Say I have some example data that containing the location, condition, and cost of equipment:
set.seed(0)
n <- 10
machine_data <- data.frame(c(1:n), sample.int(2, n, replace=TRUE), runif(n, min=50, max=100), runif(n, min=20000, max=100000))
colnames(machine_data) <- c("ID", "Location", "Condition", "ReplaceCost")
I want to determine what course of actions (Do Nothing, Repair, Replace) assigned to a $Location over successive periods. The total number of permutations of these different choices are:
actions <- c("do_nothing", "repair", "replace")
periods <- 3
perms <- gtools::permutations(n=length(actions), r=periods, v=actions, repeats.allowed = T)
So in this case, I have 27 possible permutations of actions for each $Location and I collect these different possibilities into a dataframe:
n <- length(unique((machine_data$Location)))
decisions <- do.call(rbind, replicate(n, perms, simplify=FALSE))
df <- data.frame(rep(c(1:n), each=nrow(perms)), decisions)
action_labels <- paste("Period", c(1:periods))
colnames(df) <- c("Location", action_labels)
df$Improvement <- 0
df$Cost <- 0
The idea is to calculate the relative improvement and cost of each permutation. These values will are then sent to an optimization model to select the best course of action for each $Location given a budget constraint. The function to perform a singular action is:
replace_threshold <- 50
repair_threshold <- 85
perform_action <- function(action, location_data, repair_threshold, replace_threshold)
{
# repair decisions and resulting condition
location_data <- location_data %>%
# repair results in condition of 95; replace results in 100
mutate(new_cond = ifelse(action == "repair" & Condition <= repair_threshold, 95,
ifelse(action == "replace" & Condition <= replace_threshold, 100, Condition))
)
# the total score for a location is a cost-weighted aggregation of individual equipment
location_score <- sum(location_data$new_cond * location_data$ReplaceCost)/sum(location_data$ReplaceCost)
return(location_score)
}
I can do this row-wise in a loop:
for(i in 1:n)
{
location_data <- machine_data[machine_data$Location == i,]
for(r in 1:nrow(df))
{
if(df$Location[r] == i)
{
action_set <- df[r,2:(length(actions)+1)]
for(a in 1:length(action_set))
{
action <- toString(action_set[a])
df$Improvement[r] <- perform_action(action, location_data, repair_threshold, replace_threshold)
# calculate df$Cost here...
# update machine_data$Condition for next period here...
}
}
}
}
However, this can become slow at larger scaled problems. I'm looking for a way to speed this up. Is it possible to use something like purrr's accumulate() function to execute each of the actions in the action_set in the looping operation above? I'm open to other non-tidyverse approaches, but that was just one option that I've tried to figure out without success.
Your example loop doesn't appear to actually accumulate the improvements across each period, instead it just replaces the previous period with the next.
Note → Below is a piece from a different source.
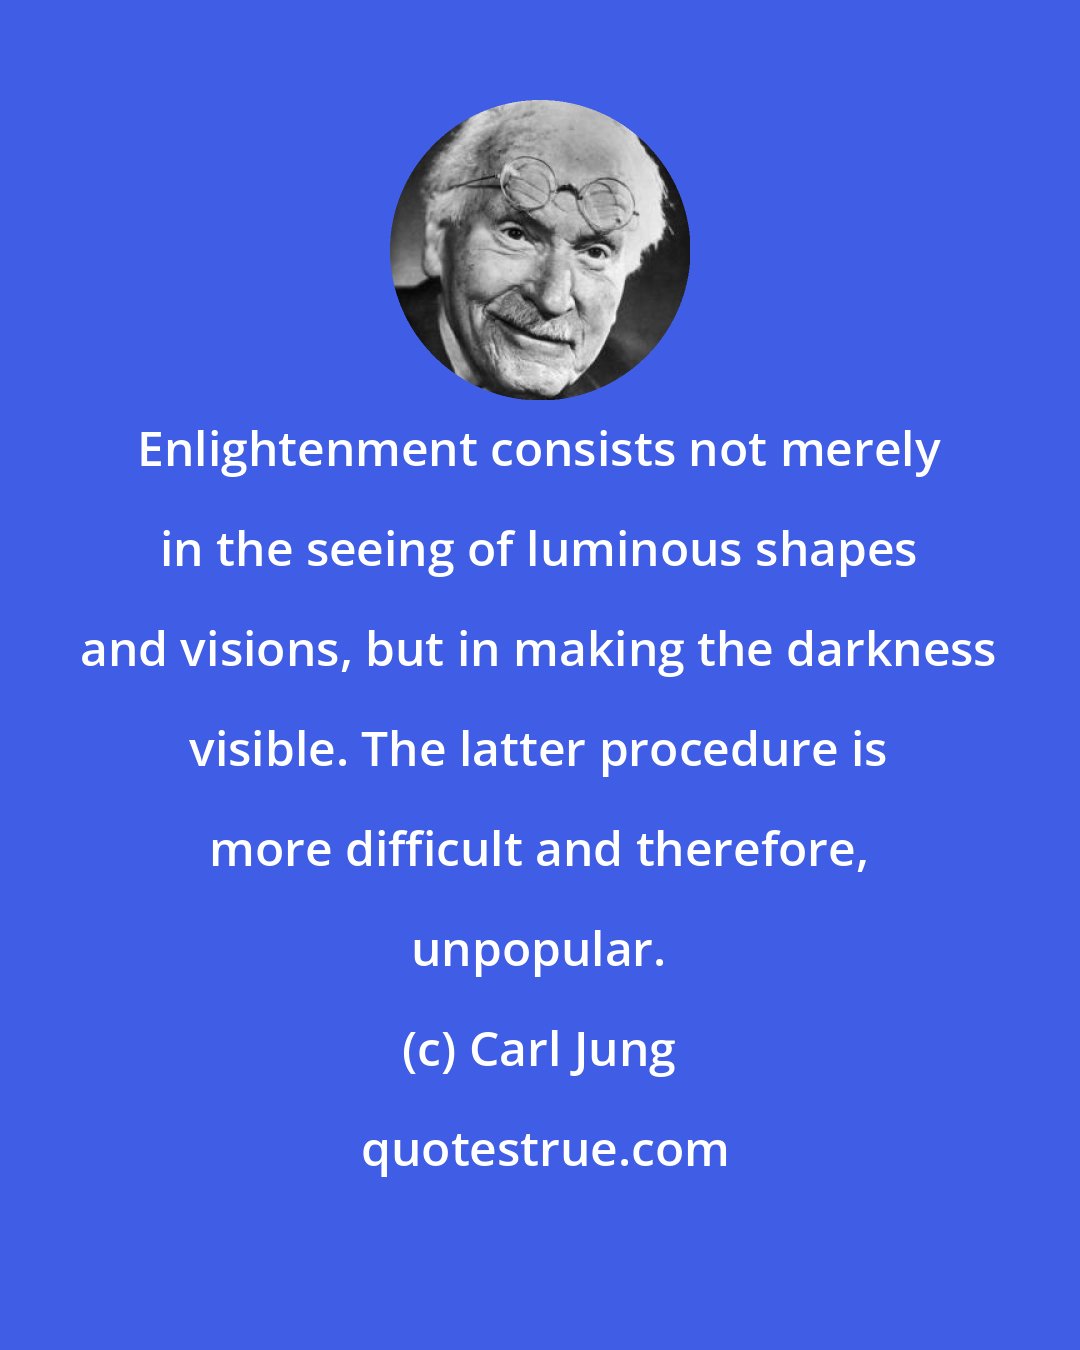 Carl Jung: Enlightenment consists not merely in the seeing of luminous shapes and visions, but in making the darkness visible. The latter procedure is more difficult and therefore, unpopular.

So I can't check my answer against your example data, but I think what you want reduce instead of accumulate
Instead of your inner loop
action_set <- df[r,2:(length(actions)+1)]
for(a in 1:length(action_set)){
action <- toString(action_set[a])
df$Improvement[r] <- perform_action(action, location_data, repair_threshold, replace_threshold)
Accumulate will give you a vector of each successive calculation
purrr::accumulate(
#First grab the actions from the row as a vector
df[1, 2:4] %>% as_vector(),
#Then pass them to an anonymous function. x contains the accumulated value, while y is the action
#I've set the location to 1 as if this were one run through the outer loop
function(x,y) {
#Set the accumulated value to the prior value plus the calculated action
x <- x + perform_action(y, machine_data[machine_data$Location == 1,],
repair_threshold, replace_threshold)
return(x)
},
#Set the initial value of x to 0
.init = 0)
#> .init Period 1 Period 2 Period 3
#> 0.00000 76.79909 153.59818 230.39728
And you can see it returns a vector of each successive value. What I think you want is just the final value which you get with reduce
purrr::reduce(df[1, 2:4] %>% as_vector(),
function(x,y) {
x <- x + perform_action(y, machine_data[machine_data$Location == 1,],
repair_threshold, replace_threshold)
return(x)
}, .init = 0)
#> [1] 230.3973